Jean-Christophe Debar, directeur de la fondation FARM
En théorie, tout est parfait. L’agriculteur qui achète une assurance climatique sécurise ainsi son revenu en cas de perte de rendement due par exemple à une sécheresse ou une inondation. Il est également incité à investir sur son exploitation pour augmenter sa production, d’autant plus qu’il obtient plus facilement un crédit bancaire. Avec ces atouts, les assurances climatiques devraient être souscrites en masse. Mais dans beaucoup de pays, en particulier en Afrique, la réalité est bien différente.
Dans la pratique, en effet, la commercialisation des polices d’assurance agricole se heurte à plusieurs obstacles : méconnaissance des mécanismes assuranciels par les agriculteurs, manque de confiance dans les assureurs, dysfonctionnement de certaines assurances indicielles, montant élevé des primes…. Les subventions de primes versées dans certains pays, ou encore la vente des assurances par l’intermédiaire des coopératives ou des distributeurs d’intrants, permettent de réduire les coûts, mais ne résolvent qu’une partie des problèmes.

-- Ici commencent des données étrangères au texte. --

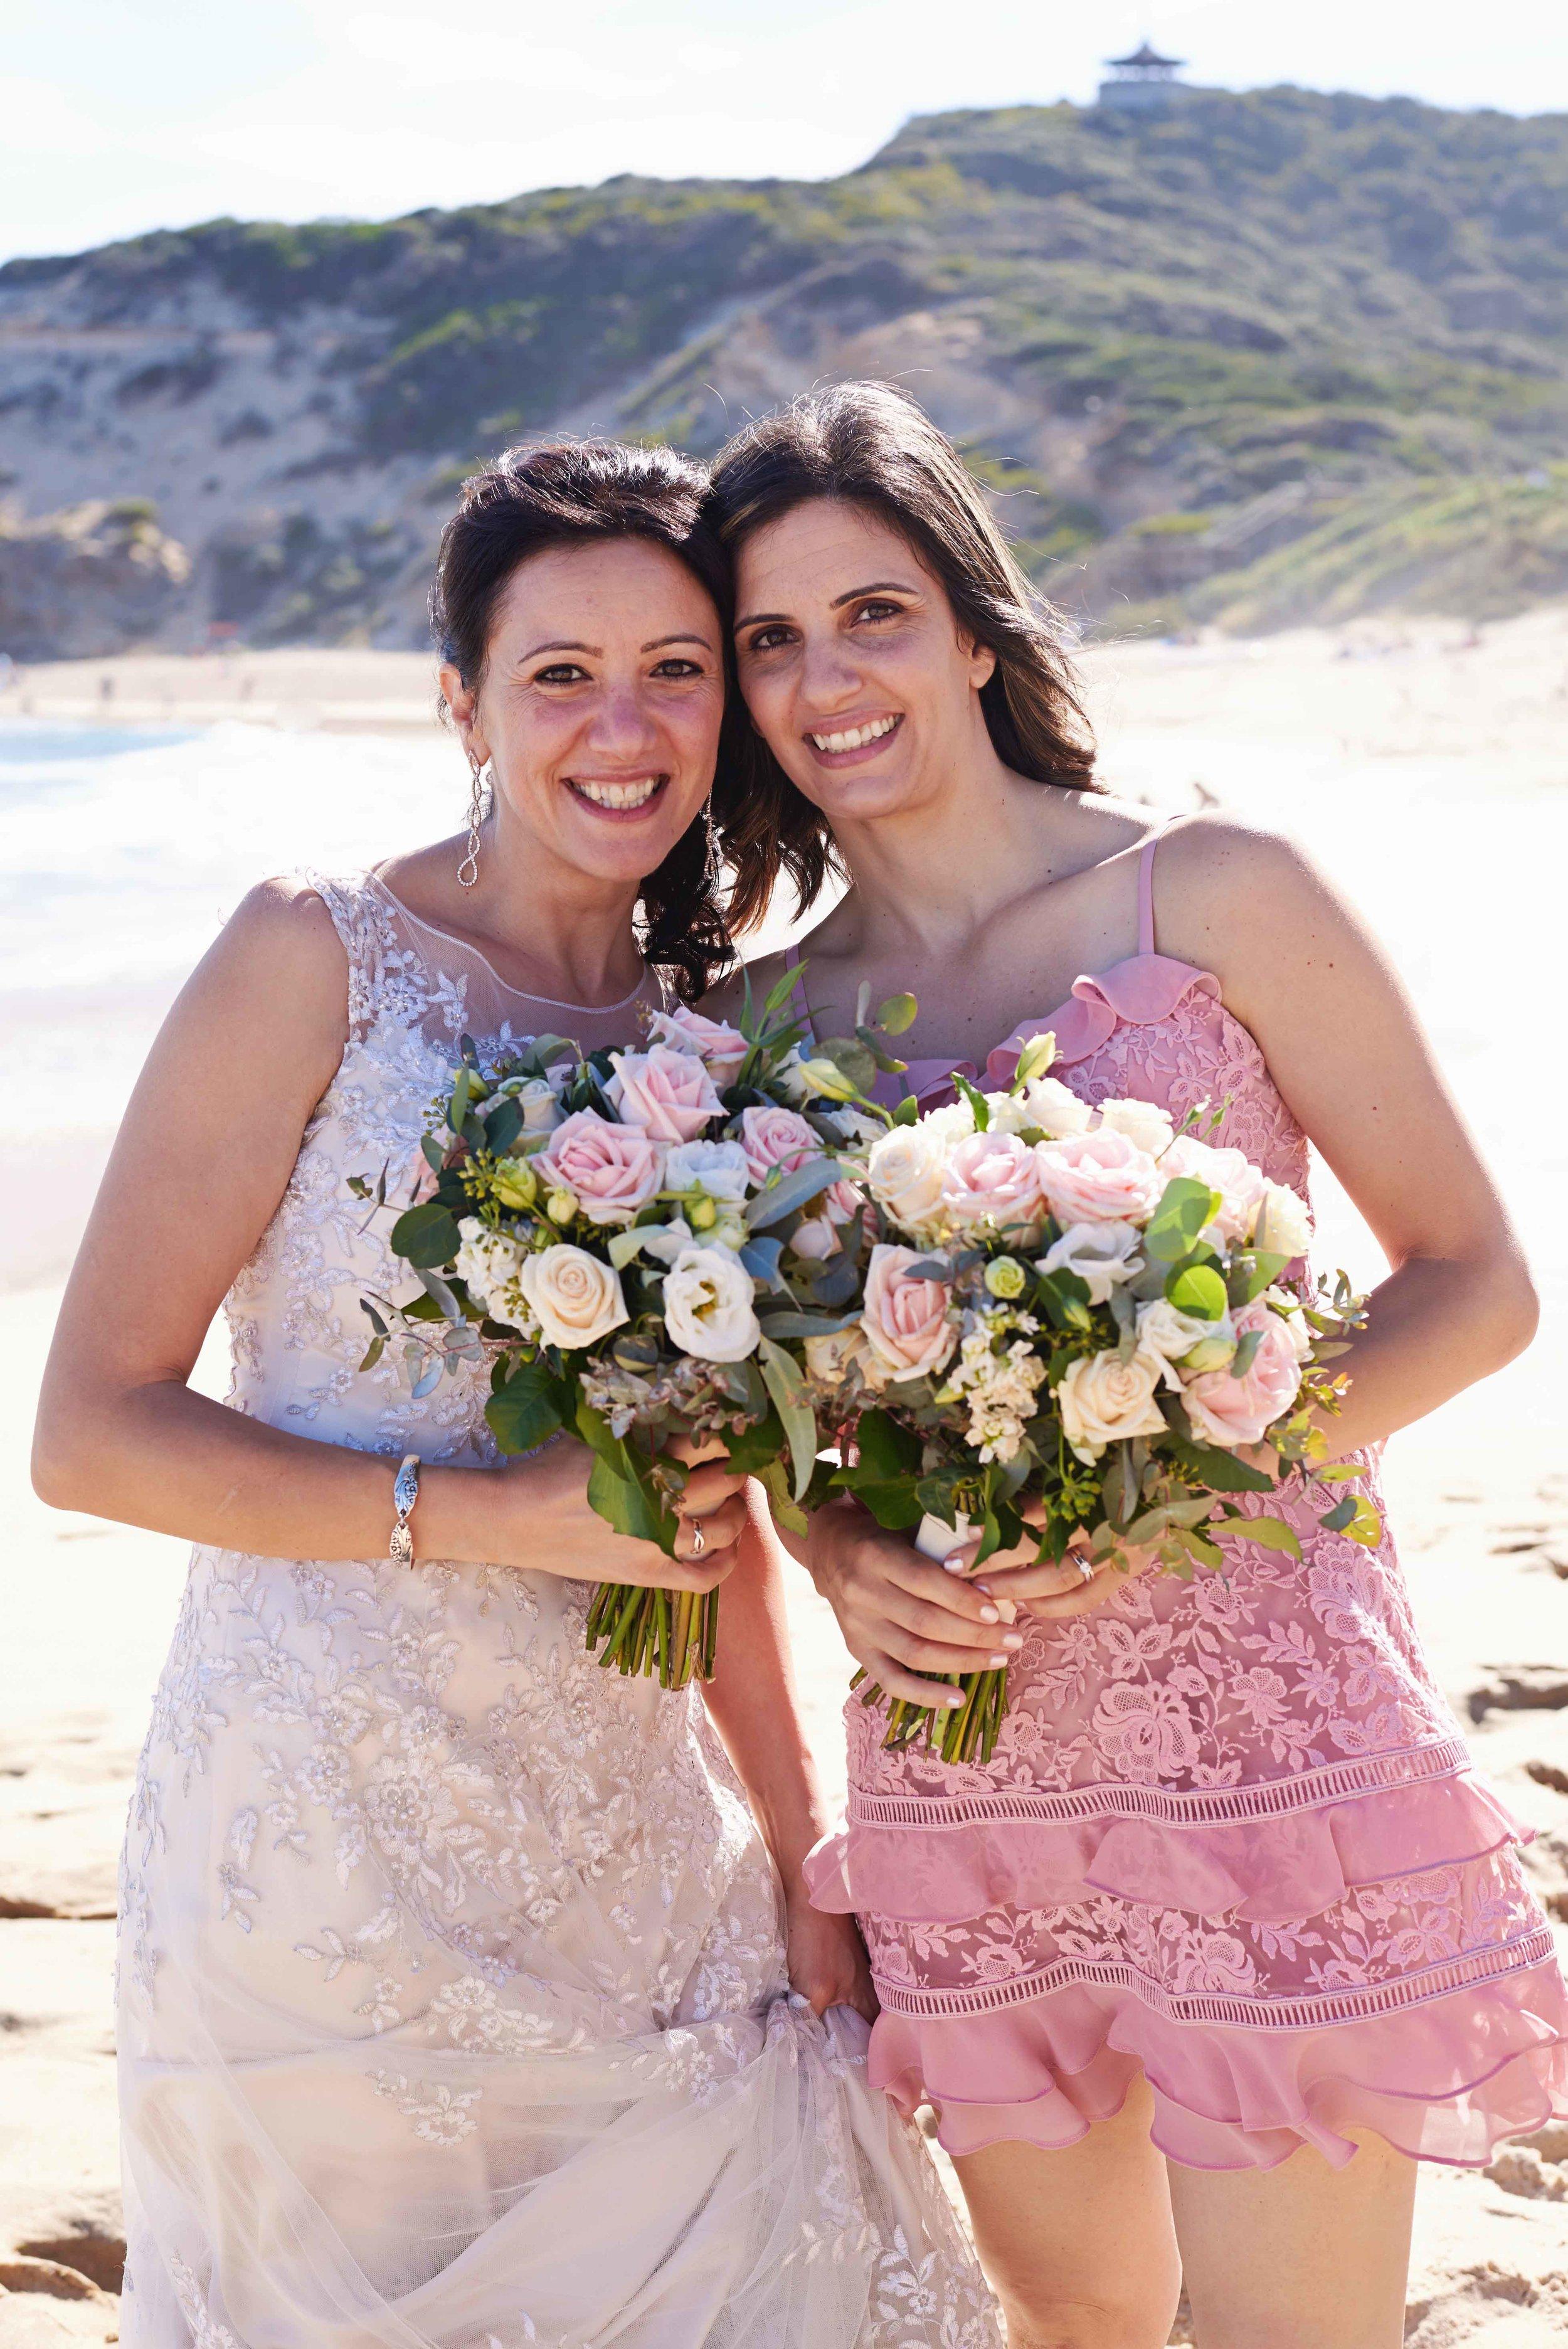 sorrento-wedding-photography-all-smiles-marissa-jade-photography-125.jpg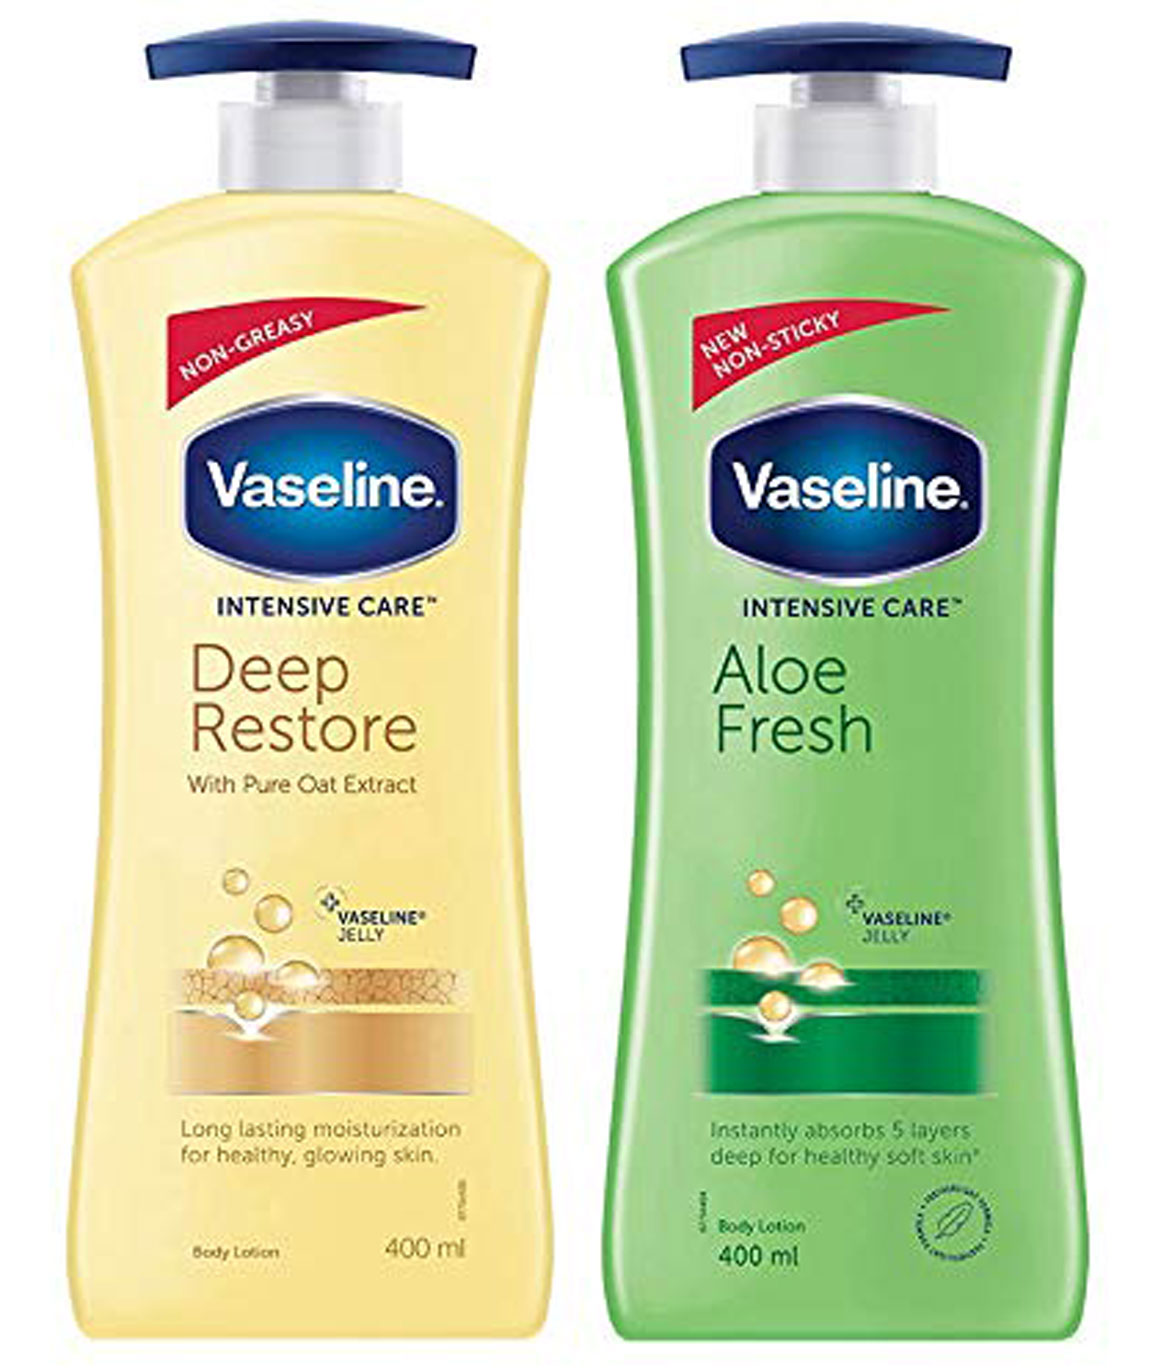 Vaseline Intensive Care Deep Restore Body Lotion, 400 ml & Vaseline Intensive Care Aloe Fresh Body Lotion, 400 ml

Une voie prometteuse est celle de l’agriculture contractuelle. Les entreprises de transformation qui passent un contrat avec des producteurs pour l’achat de leur récolte sont souvent confrontées à un non-respect des engagements de livraison. Lorsque les cours montent, certains agriculteurs n’hésitent pas à vendre au plus offrant, mettant l’entreprise en situation de ne pas pouvoir honorer ses propres engagements avec les acheteurs d’aval. Pour fidéliser les agriculteurs, les transformateurs leur proposent généralement une palette de services – fourniture d’intrants, conseil technique, formation… - qui peut inclure une assurance climatique. C’est ce que fait la Société de développement des fibres textiles (SODEFITEX) vis-à-vis des producteurs de coton sénégalais, comme l’a exposé Malick Ndiaye, directeur général de la Caisse nationale de crédit agricole du Sénégal (CNCAS), lors du dernier congrès de la CICA à Berne.
Le couplage de l’assurance climatique à la contractualisation offre de multiples avantages. Pour les entreprises, qui ont la garantie que les producteurs pourront, même en cas d’aléa, rembourser les intrants mis à leur disposition. Pour les agriculteurs, qui n’ont pas à avancer le montant de la prime d’assurance, car celle-ci est généralement préfinancée (et parfois même subventionnée) par l’entreprise. Pour les assureurs, enfin, qui accroissent considérablement leur clientèle tout en minimisant leurs coûts de transaction. Ainsi s’enclenche un cercle vertueux. Fortes du succès obtenu avec l’assurance climatique, certaines entreprises, comme la société cotonnière NWK en Zambie, ont étendu le dispositif à l’assurance vie.